The PTW is asking any resident who sees graffiti, new or old, to take a picture and email it to pvillewatchband@gmail.com.

While the group views this as a step in the right direction, they understand it’s hardly a silver bullet.

The problem that underpins the problem, the attendees at Wednesday’s meeting agreed, is the fact that once graffiti goes up, it often stays there for a long time. This, along with some of the decrepit, abandoned buildings that are scattered throughout the borough, is thought to give would-be vandals the impression that nobody is watching. 

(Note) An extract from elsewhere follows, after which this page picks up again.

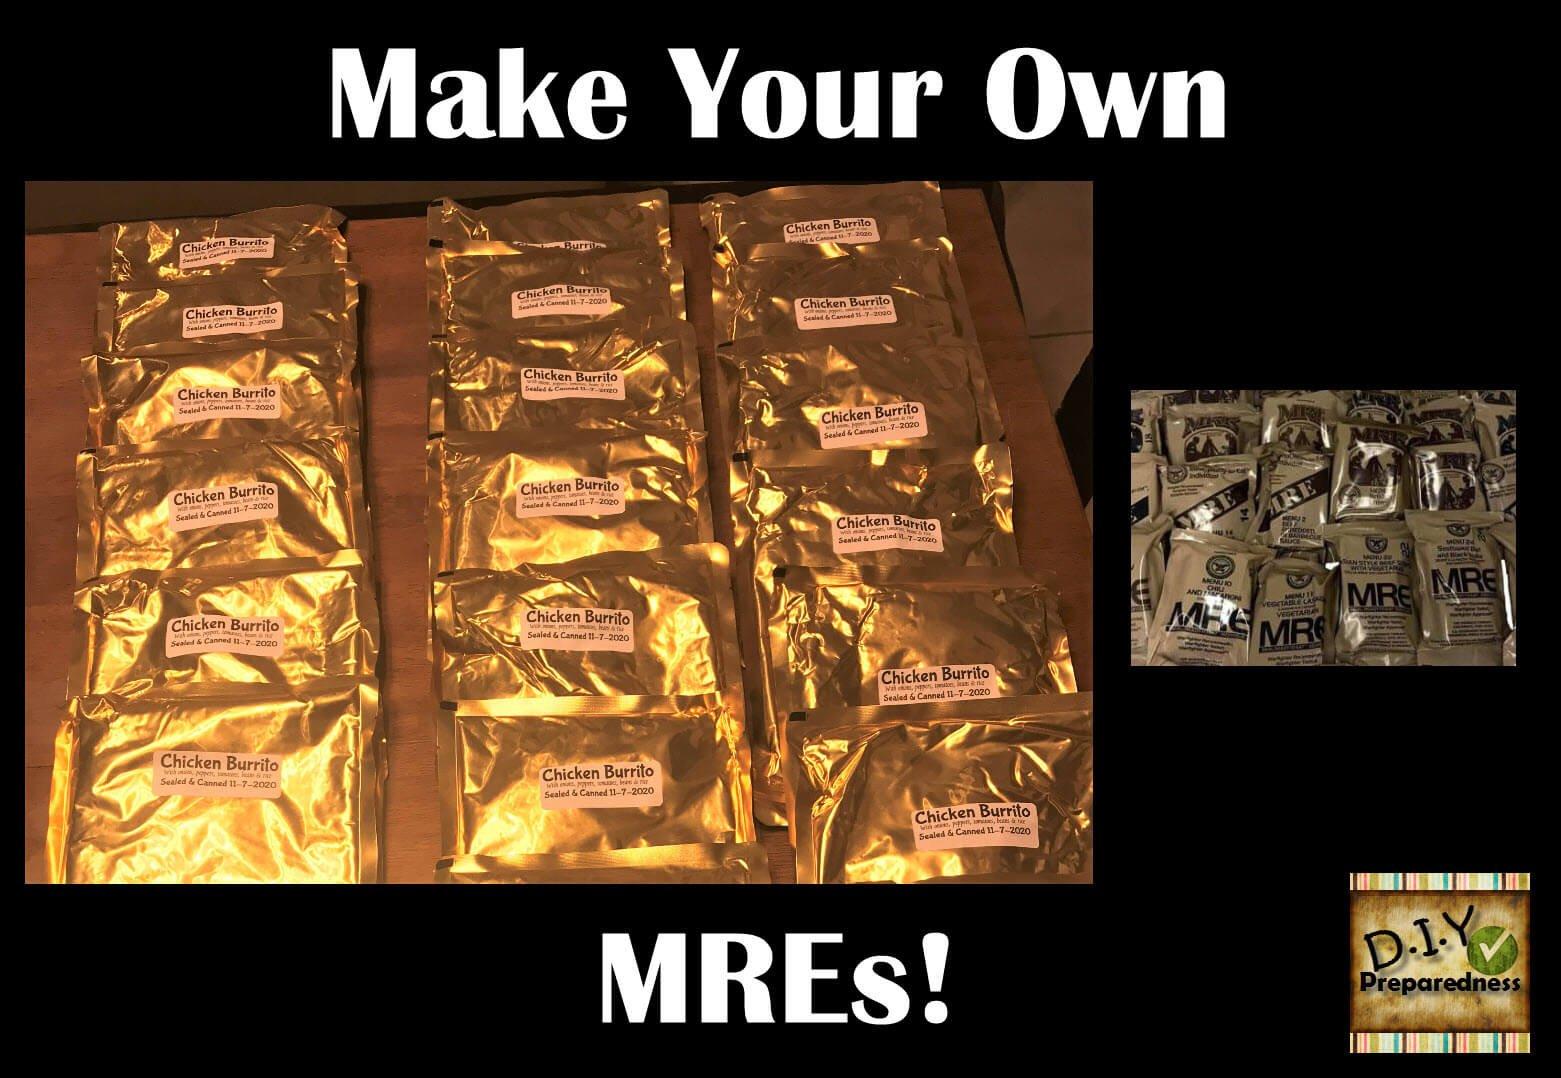 Retort Canning - Make Your Own MREs - DIY Preparedness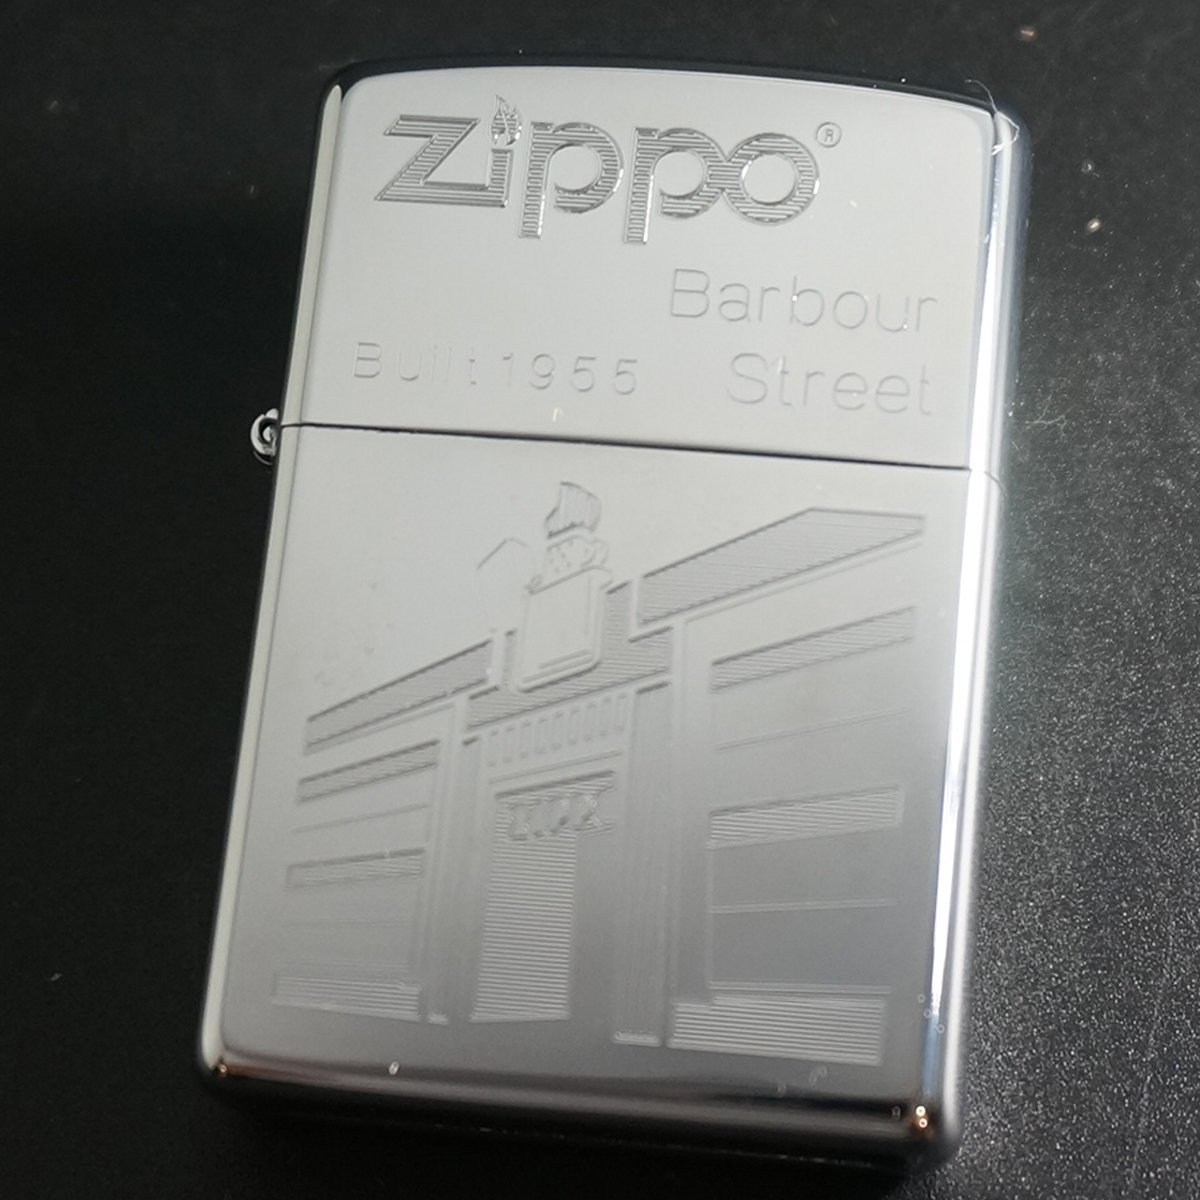 zippo ZIPPO社屋 50周年記念 ポスターセット 2005年製造 B073B4XFKM

Though filling abandoned buildings falls outside of the volunteer force’s pay grade, they tossed around the idea of creating, with the help of police and local government, a mandate that all business owners have to remove graffiti from their buildings within 24 hours.

“The graffiti sitting up there perpetuates the problem” said Watch member Ginger Murphy, but she, and the rest of the group, acknowledged that while it’s the business owner’s responsibility to remove the graffiti, governing bodies are loathe to enforce that for fear of further punishing the victims.

The Watch also continued to puzzle over the source of the graffiti–much of which bears the signature “.”

“We still don’t know who’s doing it or what it is, if it’s a group of people. It’s all over the downtown, it’s all over the north side, it’s all over. It’s not just one area, it’s throughout the town, which kind of makes me think it’s more than one person,” speculated Hill.

“It doesn’t look like the same handwriting either,” he added.